In simple terms, mortgage financing is the process of providing finance to individuals and business entities, to secure properties, and the finance is repaid through timely and consecutive monthly instalments.
To understand the mortgage finance process, you must first try to understand the basic idea behind mortgages.
Mortgage – Definition
It is a legal agreement that conveys the conditional right of ownership of an asset or property by its owner (the mortgagor) to a lender (the mortgagee) as security for a loan with the condition that the conveyance of the title becomes void upon the repayment of the debt.

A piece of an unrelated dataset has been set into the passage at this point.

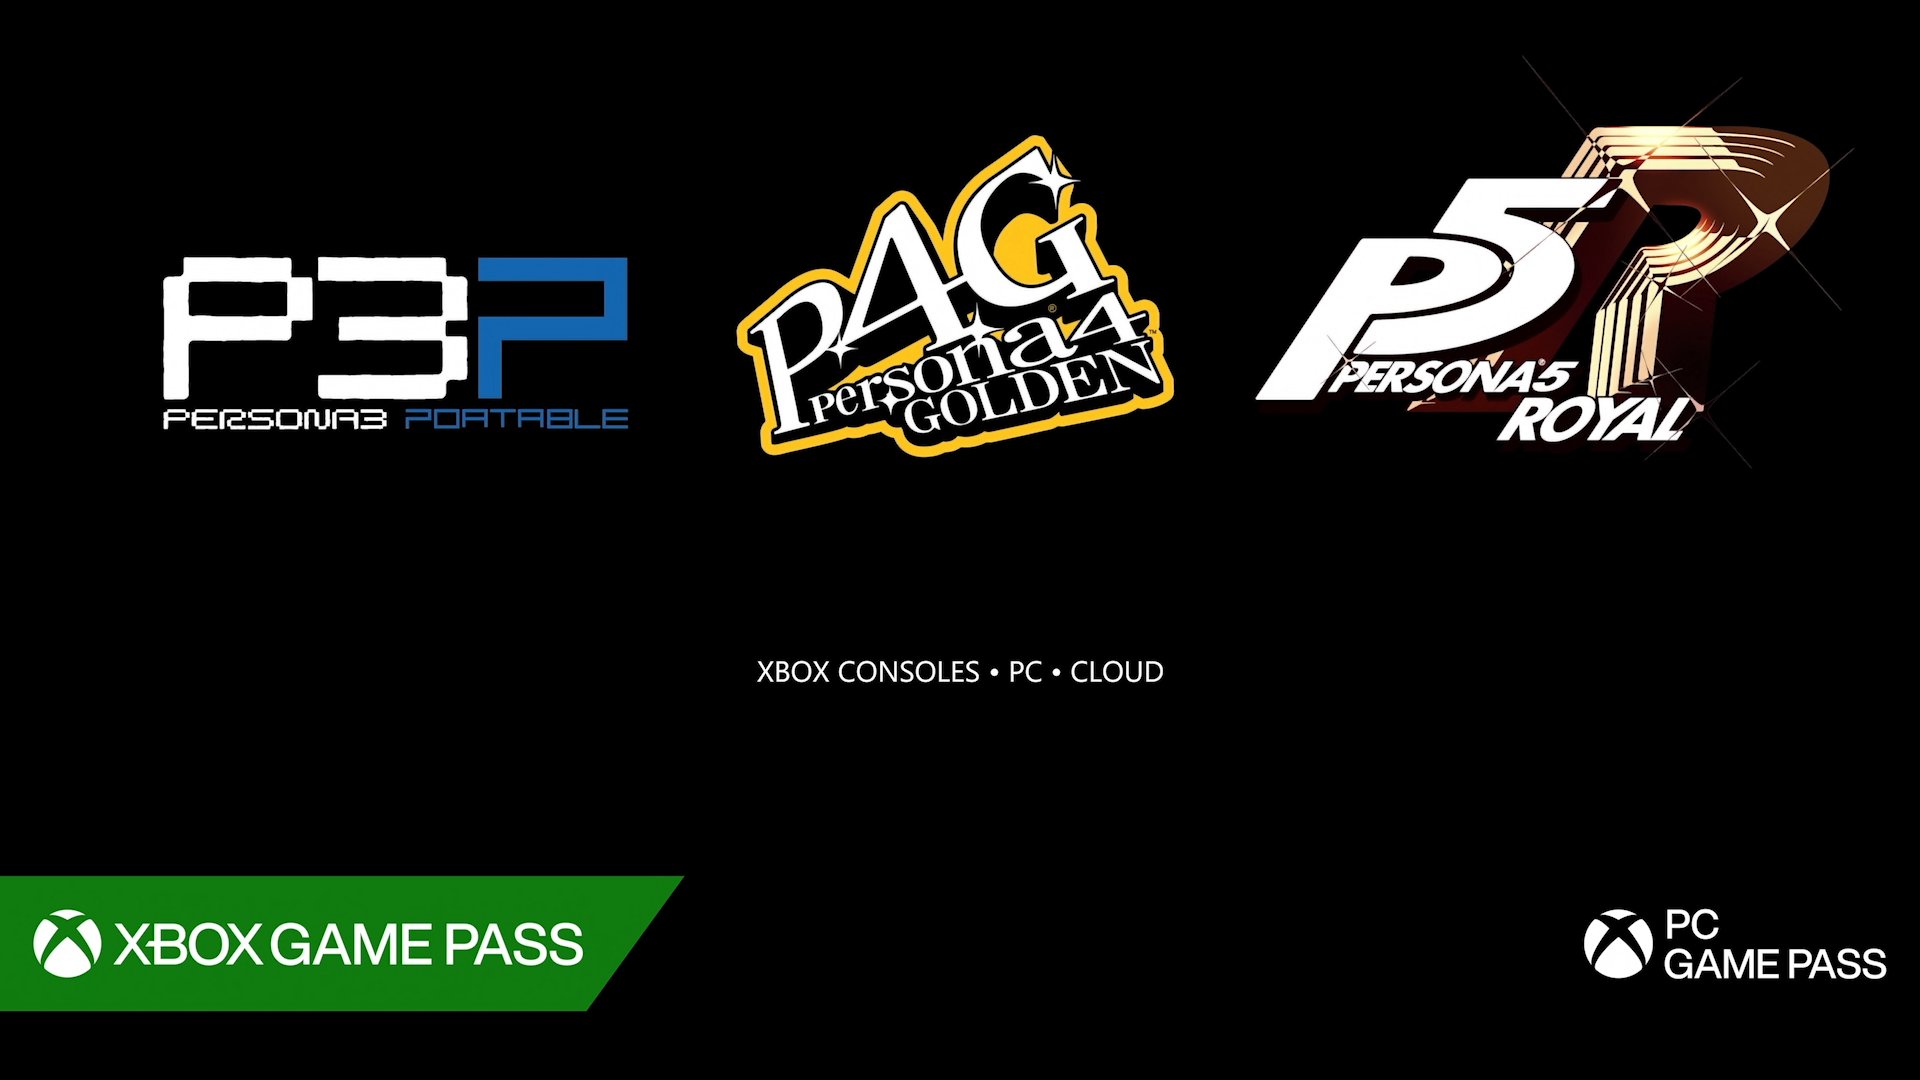 【PC游戏】Xbox发布会汇总:《星空》实机,《丝之歌》有望,《守望2》发布-第20张

Are Mortgages Legally Enforceable?
Yes, they are. In order to be legally enforceable, the mortgage must be for a defined period, and the mortgagor must have the right of redemption on payment of the debt or on before the end of that term.
Why is Mortgage Finance Common?
Here is a list of why it is the most common type of debt instruments:
>> They have a lower rate of interest (because the loan is secured);
>> They are straight forward and have standard procedures; and
>> They have a reasonably long repayment period.
What is a Security Document?
The document by which the agreement is effected is called a “Mortgage Bill of Sale” or simply just a “mortgage.”
What are the Common Mortgage Finance Types?
Real Estate Mortgage – Virtually any legally owned property can be mortgaged, although real property (land and buildings) are the most common.
Chattel Mortgage – When personal property (appliances, cars, jewellery, etc.) is mortgaged, it is called a chattel mortgage.
Second Mortgage – There are situations where it is possible to obtain finance when there is already an existing mortgage associated with the property. It is not unusual for real estate laws to require that the holder of the first mortgage agree to the creation of a second mortgage.
Who has the Right of Possession?
For real property, vehicles, and equipment, etc., the right of possession and use of the mortgaged item normally remains with the mortgagor. But, the mortgagee has the right to take possession at any time to protect his/her security interest.
What Happens in the Event of a Default?
In the event of a default, the mortgagee can:
>> Appoint a receiver to manage the property (if it is a business property), or
>> Obtain a foreclosure for a court to take possession and sell the property.
Glossary of Common Terms Used
Mortgagor – the borrower of funds
Mortgagee – the lender/credit provider of funds (e.g. a bank or credit union, etc.)
First Mortgage – a mortgage that has priority over all mortgages and liens except those imposed by law
Second Mortgage – a mortgage that is subordinate to a first mortgage
So, now that you have read this information guide, you should have a good basic understanding of mortgage finance. It will help you in obtaining the right finance for your real-estate property.